Overlay that with the Critical Minerals Strategy and the new web of alliances and action plans. Ottawa’s official strategy aims to make Canada a “supplier of choice” for the minerals underpinning batteries, advanced manufacturing and defence supply chains, backed by billions in subsidies and new agreements with G7 partners. New announcements in 2025 touted dozens of projects, joint ventures and investment packages meant to unlock future mines and processing facilities, all wrapped in the usual talk about resilience and friend-shoring.

The problem is not that nothing is happening. The problem is that the underlying fundamentals are still going the wrong way. The OECD and private-sector analysts agree on the core picture: Canada’s real GDP per capita has stalled or fallen, productivity growth has been anaemic for more than a decade, and business investment per worker badly trails the United States. We are getting poorer per person even as the population grows, and we are doing it while layering on more complexity, more regulation and more political risk. That is not a growth model; it is a slow-motion downgrade.

Carney’s Budget 2025 introduces a “Productivity Super-Deduction” and accelerated write-offs for investment, which is a step in the right direction. But it sits on top of a tax and regulatory system that still punishes long-term capital and rewards lobbying for bespoke subsidies.

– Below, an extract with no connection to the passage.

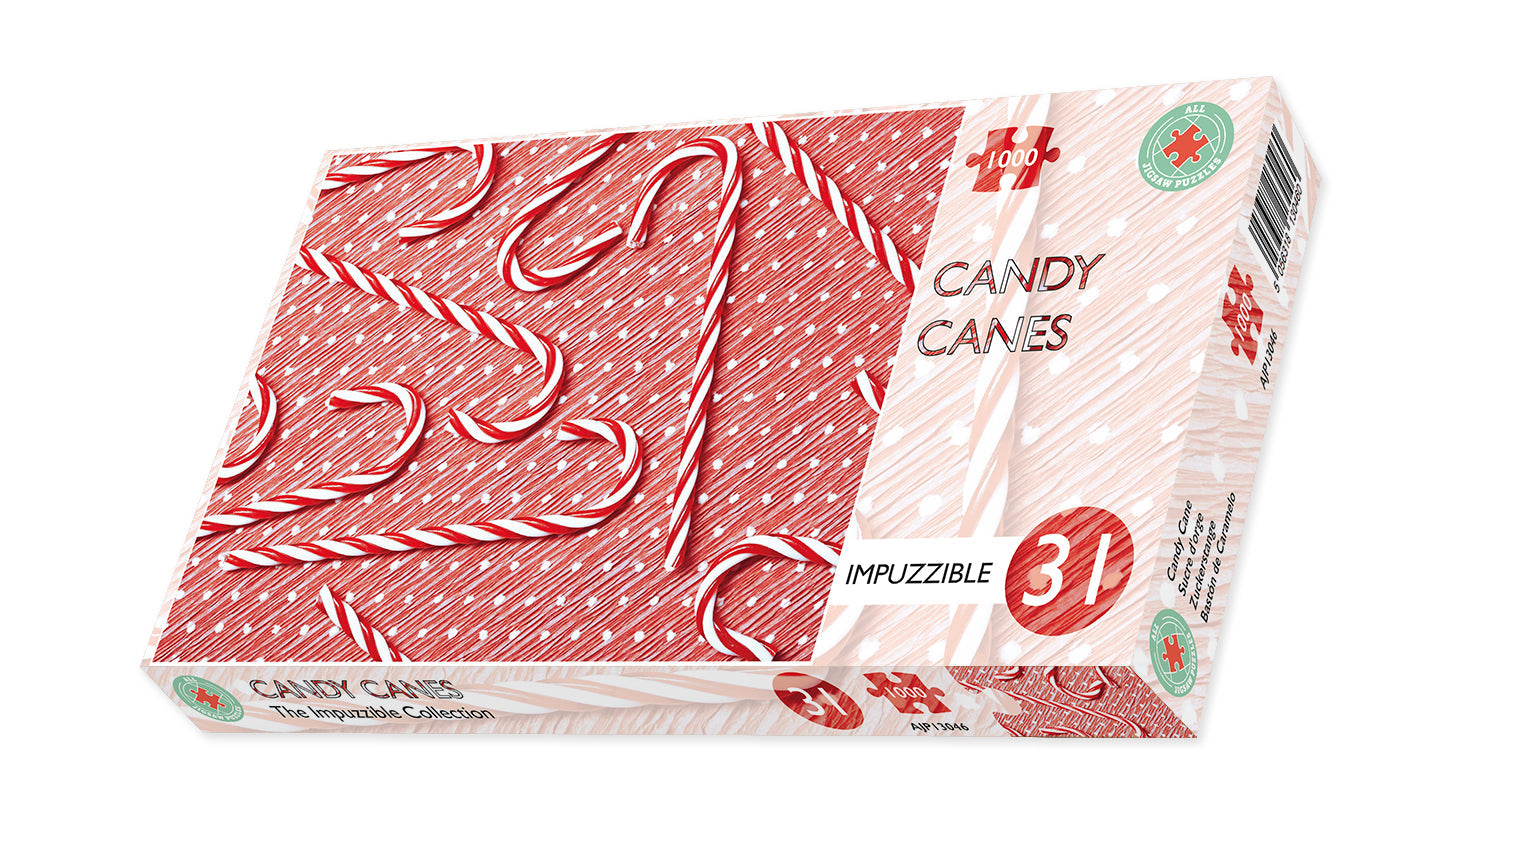 Candy Cane - Impuzzible No. 31 - 1000 Piece Jigsaw Puzzle box

You do not fix a productivity recession with a clever acronym and a press release; you fix it by ripping out the bureaucratic rot that created it.

A Real Economic-Security Strategy Would Look Very Different

If Canada were serious about securing its economic future in a world where the U.S. is actively reducing what little dependence it still has on us, Ottawa’s priorities would be brutally clear. First, energy would be treated as a hard-security file, not a climate talking point. That means stable, predictable rules for oil, gas and LNG; timelines that investors can trust; and a regulatory regime that recognises that heavy oil and gas revenues are what pay for the nice things politicians like to promise. Facing a U.S. that now effectively steers Venezuelan heavy crude, the sane move is not to retreat; it is to make sure Canadian barrels remain the most reliable and politically safe barrels on the market.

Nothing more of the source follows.